Friday the 13th

US | 1980 | Directed by Sean Cunningham

Logline: A group of camp counsellors is stalked and brutally murdered by an unknown assailant while trying to reopen a summer camp which, years before, was the site of a child’s drowning. 

I don’t have a lot of good things to say about this flick, despite its cult following, and the massive wake of copycats that followed. The intent is obvious, there is some aptitude, for sure, but the delivery and execution has dated something chronic! To be honest, it’s a real hack job (pun intended). In a making of featurette on the DVD producer/director Sean Cunningham admits he blatantly fashioned the horror after seeing how massively successful Halloween (1978) has been at the box office. He had a provocative title (during production, however, it was known as A Long Night at Camp Blood) and he sold the idea of a "stalk’n’slasher" to all who’d indulge him. Screenwriter Victor Miller also openly admits he borrowed everything he could from every horror movie he’d seen. 

The result spawned more sequels than any other movie in history. To date there are eleven movies in the Friday the 13th series (as well as a late 80s television series, a 2009 re-imagining of the first movie, and apparently a TV re-boot and sequel to the remake in the pipeline). Do the sequels get better or worse? That is entirely debatable. Fans of the series all have their own personal favourites (many rate Part 2 highly, despite it receiving some of the worst cuts from the MPAA), some diehards lament when the series “jumped the shark”, while others state emphatically that Jason Voorhees is the ultimate horror villain. My "fave" of the series is probably The Final Chapter (1984), where Tom Savini pulled out all the stops, Crispin Glover plays an hilarious, brokenhearted Romeo, and hockey-masked Jason Voorhees has become one relentless demonic butcher indeed. 

So is there anything going for Friday the 13th? Hmmm. Oh yes, Tom Savini’s special effects work, although most of the murders happen off-screen. Unfortunately Cunningham was forced to trim the effects work in order to receive the R rating (and not an X). Cunningham and Wes Craven had made The Last House on the Left (1972), which was originally slapped with an X rating after several submissions, but, notoriously, Craven wrangled an MPAA friend of his to give him an illegitimate R rating seal of approval so he could release it uncut! Cunningham knew that the board of censors had become savvy with the amount of onscreen violence being depicted in horror movies, and he needed the official R to ensue a wide release. 

In an unprecedented move Paramount Pictures picked up the national distribution, while Warner Brothers handled foreign distribution. The movie racked in the millions, and had teenagers running screaming down the aisles in the droves, despite highbrow critics panning the film. Let's be real here, the movie hasn't so much as dated, it’s just taken me a long time to actually wake up and smell the coffee. They don’t make ‘em this bad anymore … Or do they? Yeah they do, but with bigger budgets. 

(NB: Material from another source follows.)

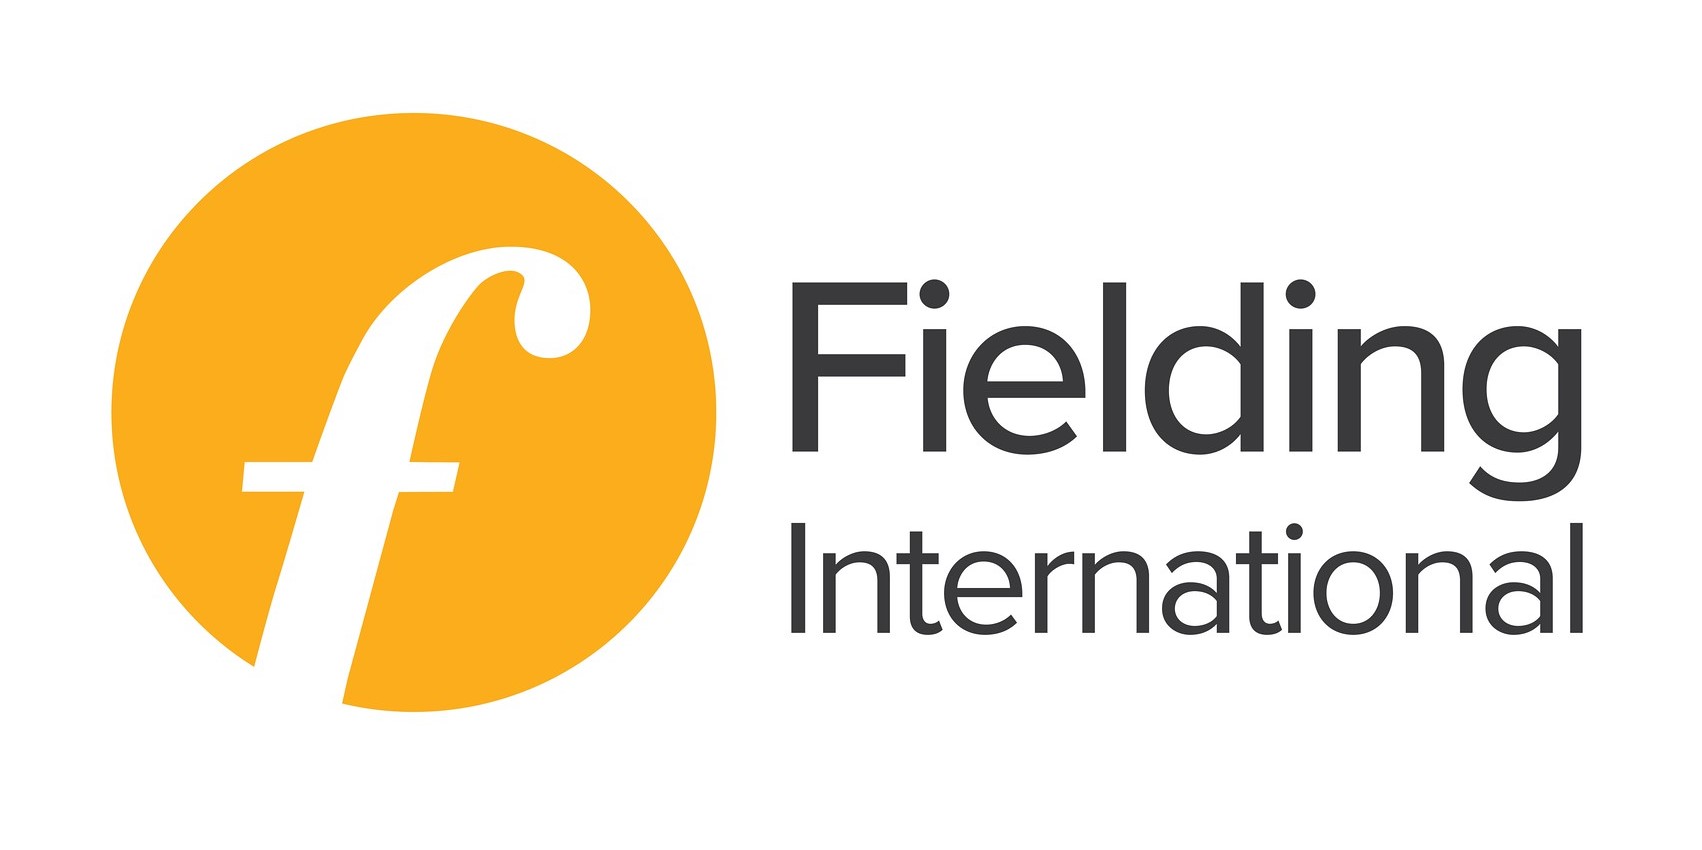 Fielding International

WARNING! CONTAINS SPOILER!

The plot, in a peanut shell, has a group of young counselors at jinxed Camp Crystal Lake being picked off in brutal fashion, one by one, leaving final girl Alice (Adrienne King) and Mrs. Voorhees (Betsy Palmer), mother of mongoloid Jason, a boy who drowned in the lake back in 1957. Mrs Voorhees only wants to protect the memory of her son by preventing the camp from operating, and to punish all these sinful, horny teenagers who never looked after her son. Friday the 13th is the only movie in the entire series not to feature Jason Voorhees as the killer. He begins his reign of carnage, wearing a burlap sack, in Part 2 (1981).

Kevin Bacon is the only actor in this movie who doesn’t shamefully overact, and then there is Adrienne King, who can’t even act at all. Of special note, King was stalked and terrorised after the movie came out and apart from her small role in the first sequel she has never acted again … whew). I’m sure Bacon has a guilty grin when he mentions this as part of his resume. Arguably his death is one of the best and most effective of the whole series: harpoon penetrates the bed he’s lying on and pierces up through his throat, with Tom Savini’s genuine pig’s blood providing a nice little geyser. Apart from Savini's work, the other element which lifts the movie’s game is Henry Manfredini’s inventive score with the now legendary “Ki Ki Ki … Ma Ma Ma” vocal echo effect. 

Friday the 13th may have spearheaded the 80s slasher era with the emphasis on graphic violence, but it was by no means the first horror movie to do so. Bob Clark’s Black Christmas (1974) had already been there (and with a lot more style and creepiness), while Mario Bava’s Twitch of the Death Nerve (1971) holds the bloodied body count crown high. But it's Halloween - curiously with almost no bloodshed - that remains my favourite, by a country mile. 

If you’re curious about where the slasher craze all began … throw a few grains of salt in the popcorn , some lashings of butter, and amuse yourself and a few mates.